Деятельность Зиновьевой-Аннибал как хозяйки башенного салона описана в воспоминаниях современников. Часто цитируется высказывание Н. Бердяева, который считал Зиновьеву- Аннибал душой башенных собраний:

Она не очень много говорила, не давала идейных решений, но создавала атмосферу даровитой женственности, в которой протекало все наше общение, все наши разговоры. Зиновьева-Аннибал была совсем иной натурой, чем Вяч. Иванов, более дионисийской, бурной, порывистой, революционной по темпераменту, стихийной, вечно толкающей вперед и ввысь. Такая женская стихия в соединении с утонченным академизмом Вяч. Иванова, слишком много принимающего и совмещающего в себе, с трудом уловимого в своей единственной и последней вере, образовывала талантливую, поэтически претворенную атмосферу и не отталкивающую.

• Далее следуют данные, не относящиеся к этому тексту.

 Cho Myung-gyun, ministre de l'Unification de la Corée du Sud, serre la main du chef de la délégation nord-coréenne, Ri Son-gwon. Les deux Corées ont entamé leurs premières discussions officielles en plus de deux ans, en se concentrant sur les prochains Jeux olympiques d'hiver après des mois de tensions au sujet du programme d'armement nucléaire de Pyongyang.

(цит. по: Иванова 1990, 320–321)

В данной цитате Бердяев выражает в одном абзаце внутренне противоречивые характеристики: наравне с молчаливой и даровитой женственностью Зиновьева-Аннибал обладает бурной, порывистой и революционной натурой — как воплощением женской стихийности. Амбивалентность высказывания Бердяева аналогична той двойственности, которая заключена в полярной символистской интерпретации фемининности. Ясно, что тут Бердяев наделяет Зиновьеву-Аннибал чуть ли не всеми характеристиками категории фемининного (двойственность, подсознательная стихийность, функция зеркала для «нас», т. е. философов и поэтов). Кроме всего этого, он указывает на комплементарный характер взаимоотношений Зиновьевой-Аннибал и Иванова. Иными словами, данная характеристика содержит описание, быть может, не столько Зиновьевой-Аннибал, сколько символистского (и бердяевского) представления о женщине как о жизнетворческом воплощении категории фемининного.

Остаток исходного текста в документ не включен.